Her last extensive project in Northern Ghana was on social variations affecting school performance, in particular the classical distinction between traditional states and stateless societies highlighted in Fortes and Evans-Pritchard’s African Political Systems(1940). This work is so far incomplete; but it deserves to be made public, since it formed a suitable climax of her romance with the two disciplines to which she devoted her life.

# # # # #

Esther Goody excelled as a teacher, unsurprisingly in small-scale social interaction. Her intelligence was sharp, tough and interrogative, but profoundly sympathetic. Everyone noted her remarkable ability to give herself to others without imposing herself on them. She did not excel in projecting her work to a wider audience, as Jack Goody did. But I believe her approach will find a growing reception in the century to come through the work of followers inspired by her. For our national societies are in disarray and, if humanity is to discover social forms conducive to our survival as a species, anthropologists must learn to merge an ethnographic tradition rooted in twentieth-century nationalism with a romantic methodology focusing on how human beings learn to live together on a global scale. Esther Goody was a pioneer of that movement. 

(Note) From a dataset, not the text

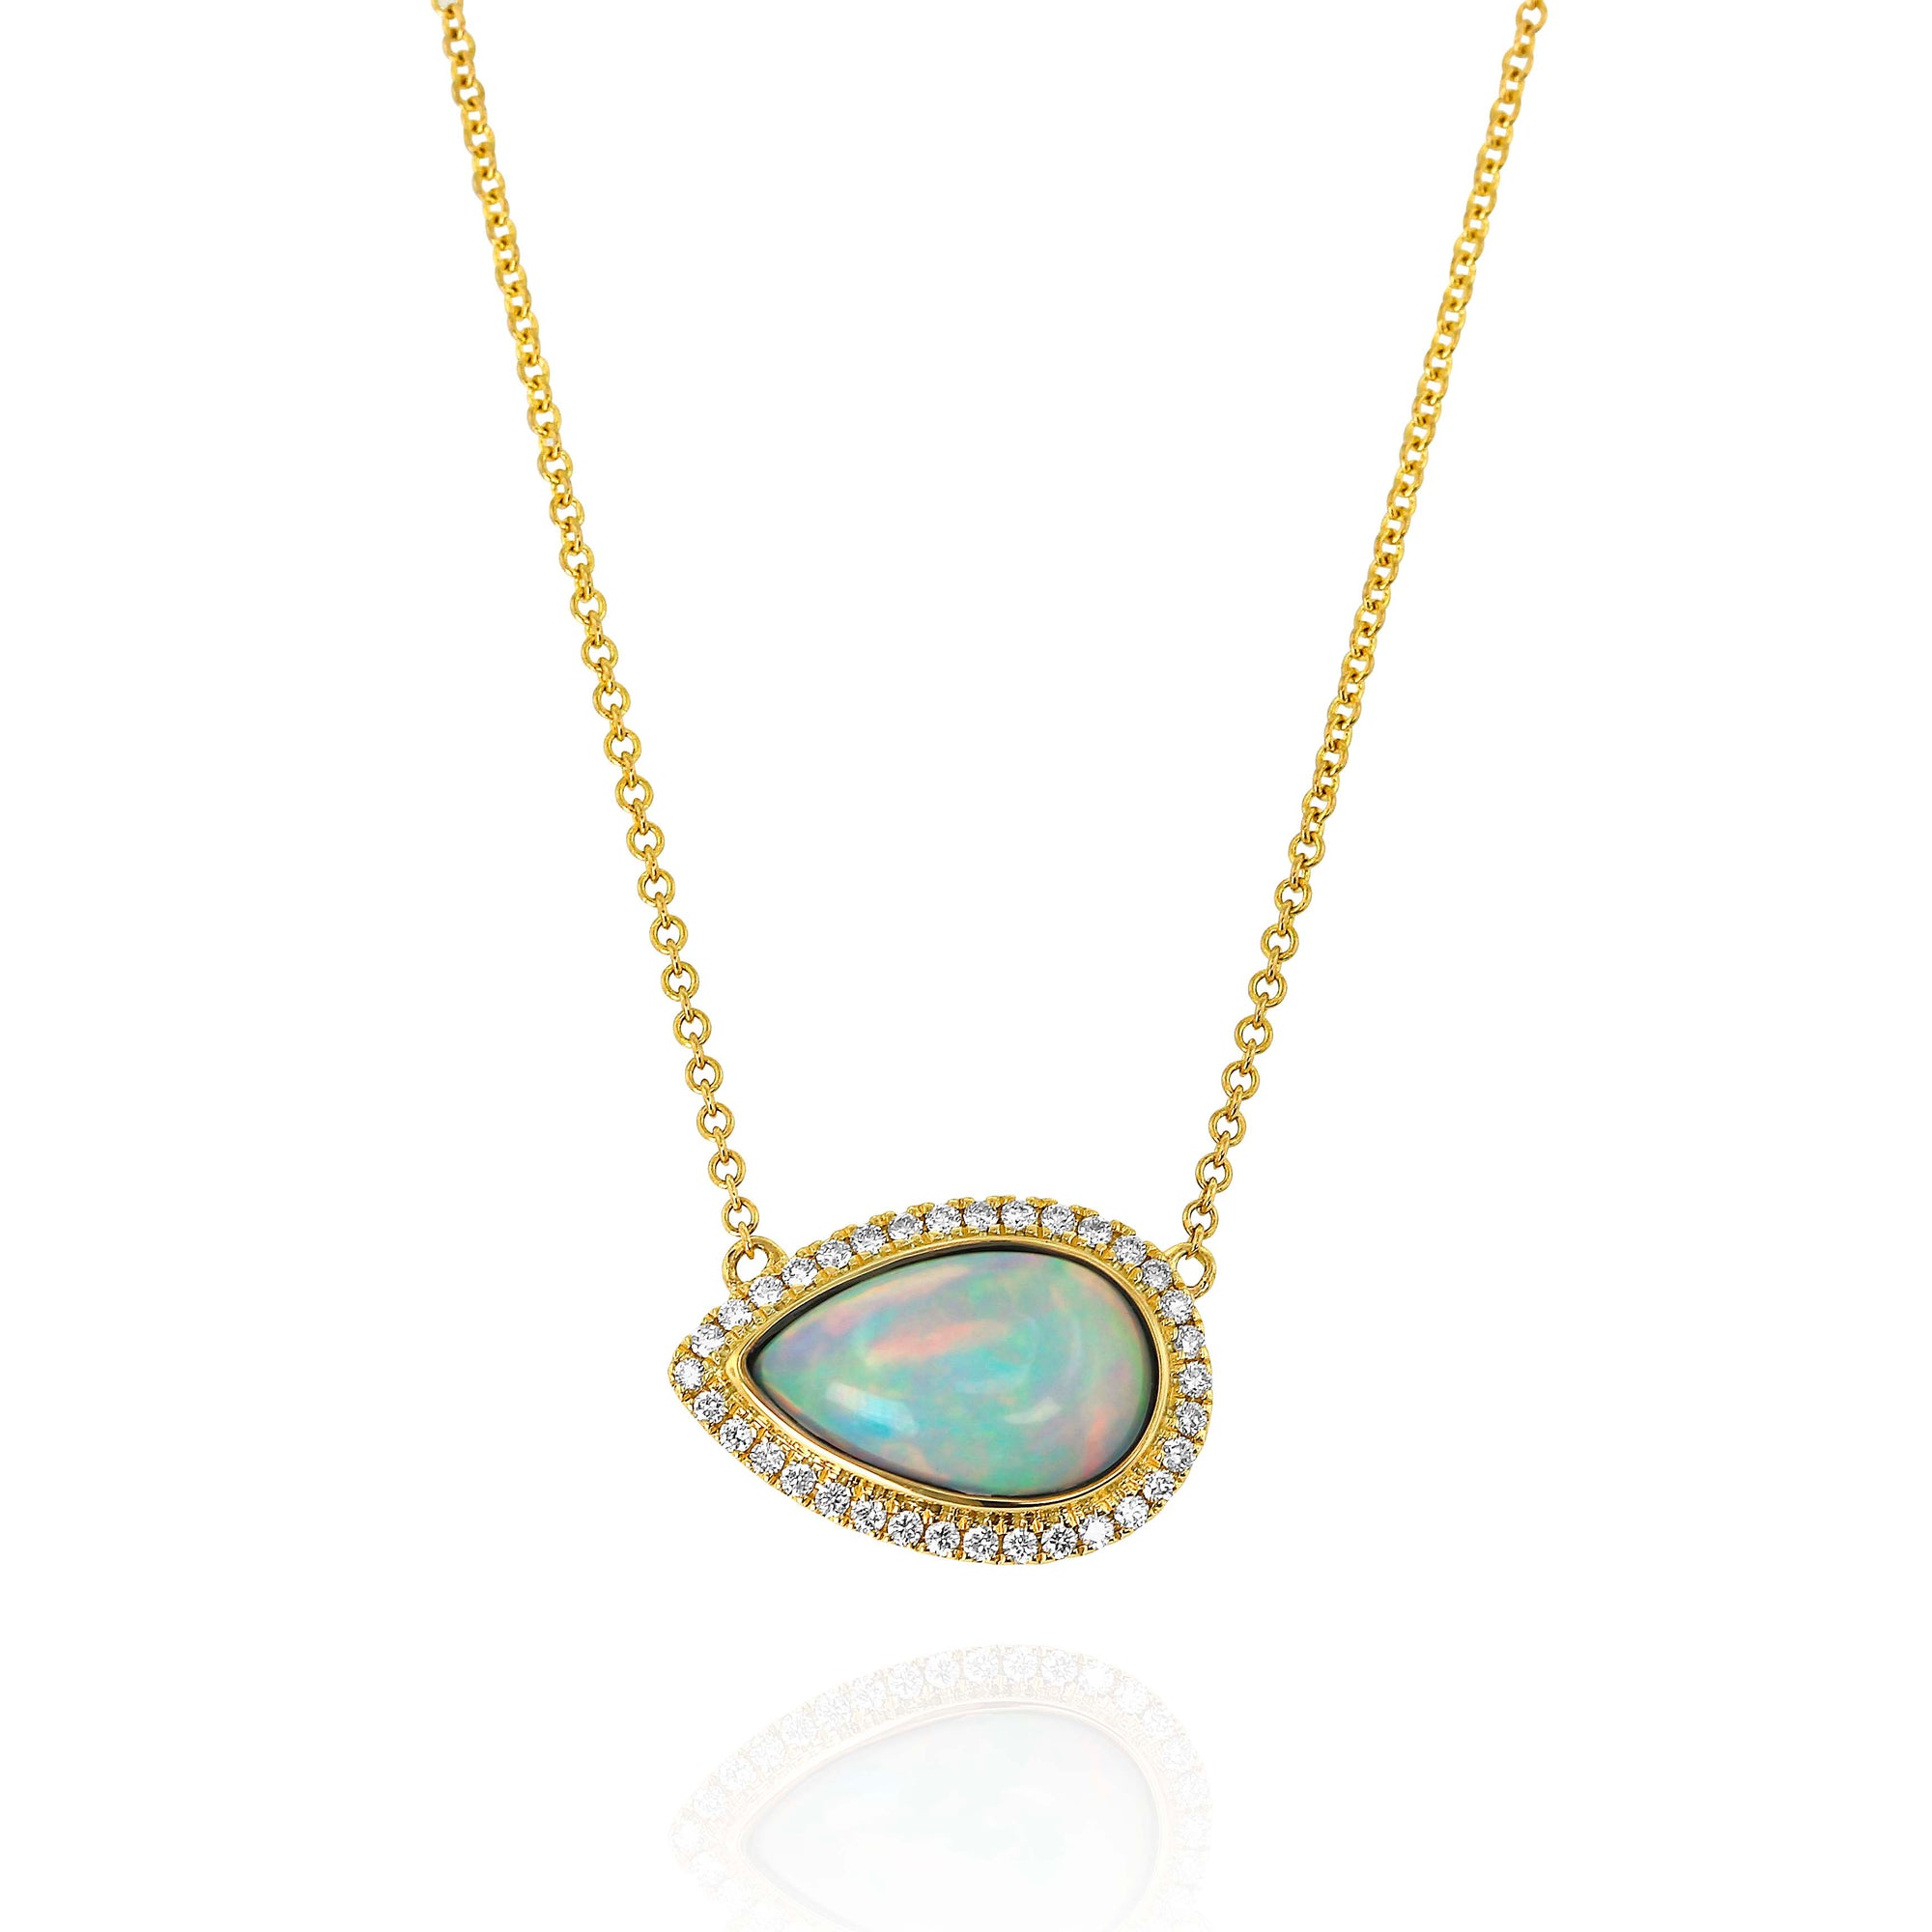 Pear-Shaped White Opal Necklace by Yael - Yellow Gold - Talisman Collection Fine Jewelers

I would end by noting Esther’s secondary interest in economic anthropology, manifested especially in her two books published in 1982. This was a lively continuing topic of conversation between us. But her place in my world goes far beyond intellectual interests. I have lived in Cambridge for almost a third of my life and Esther was the kindest person I met here. Kindness and kinship share a linguistic root. In my darkest years, she gave me an unconditional refuge and self-effacing care when I needed them most. My love for her, like her reputation, can only grow in retrospect.

Esther Goody’s books

(Author) Contexts of Kinship: An essay in the family sociology of the Gonja of Northern Ghana, Cambridge University Press, 1973 (published version of her PhD thesis).

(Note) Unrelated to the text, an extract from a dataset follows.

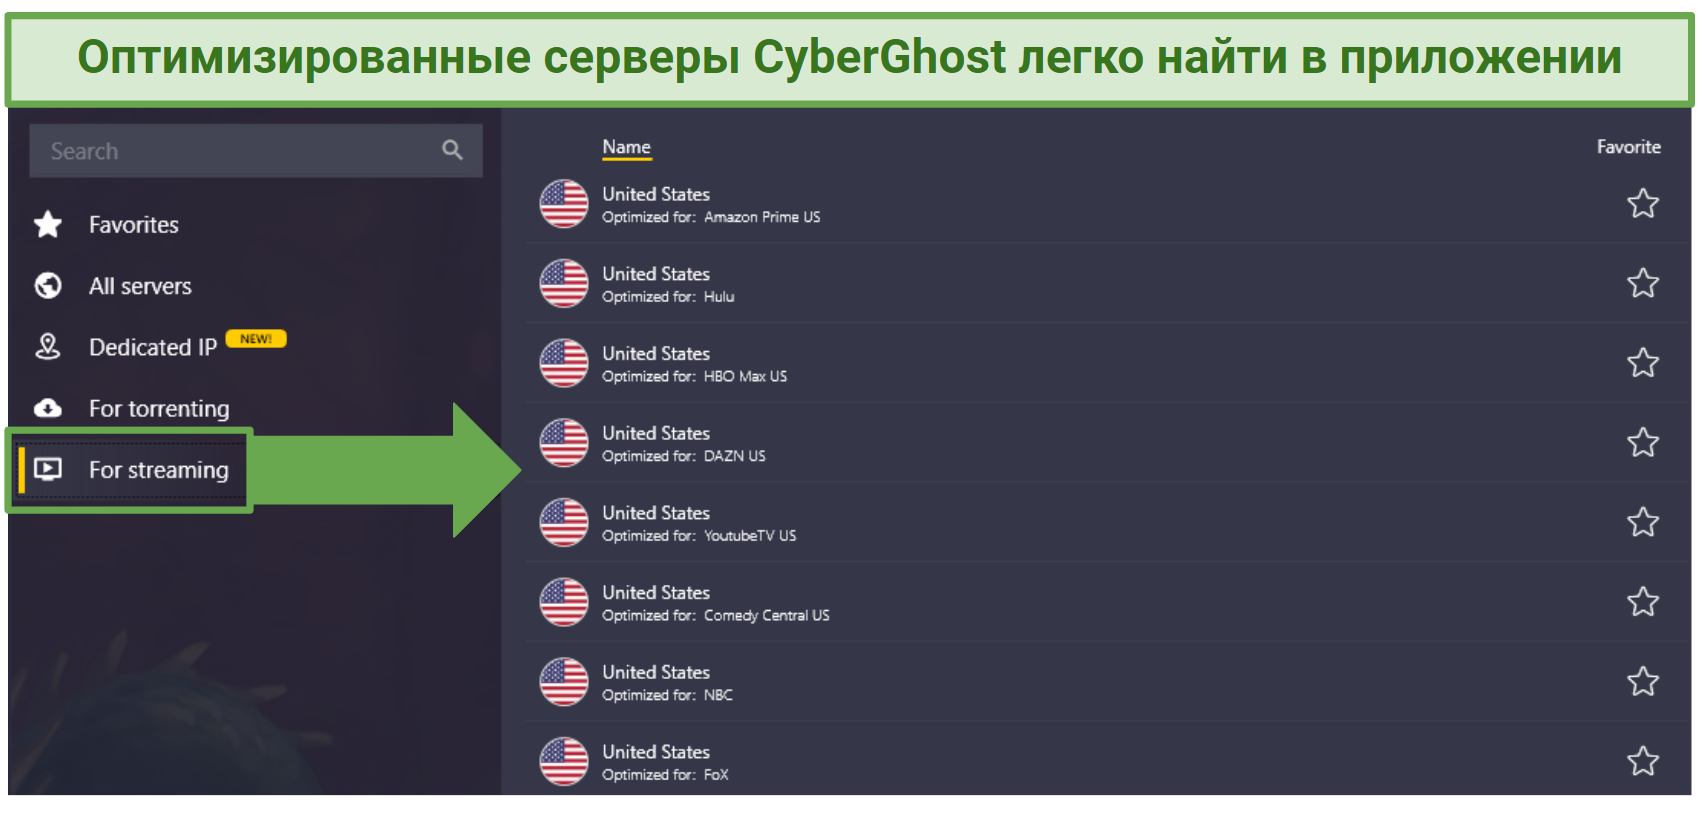 Screenshot of CyberGhost's optimized streaming servers on the Windows app

(Editor) Questions and politeness: Strategies in social interaction, Cambridge University Press, 1978. 

(Author) Parenthood and Social Reproduction: Fostering and occupational roles in West Africa,Cambridge University Press, 1982.

(Editor) From Craft to Industry: The ethnography of proto-industrial cloth production, Cambridge University Press, 1982.

(Editor) Social intelligence and interaction: Expressions and implications of the social bias in human intelligence, Cambridge University Press, 1995.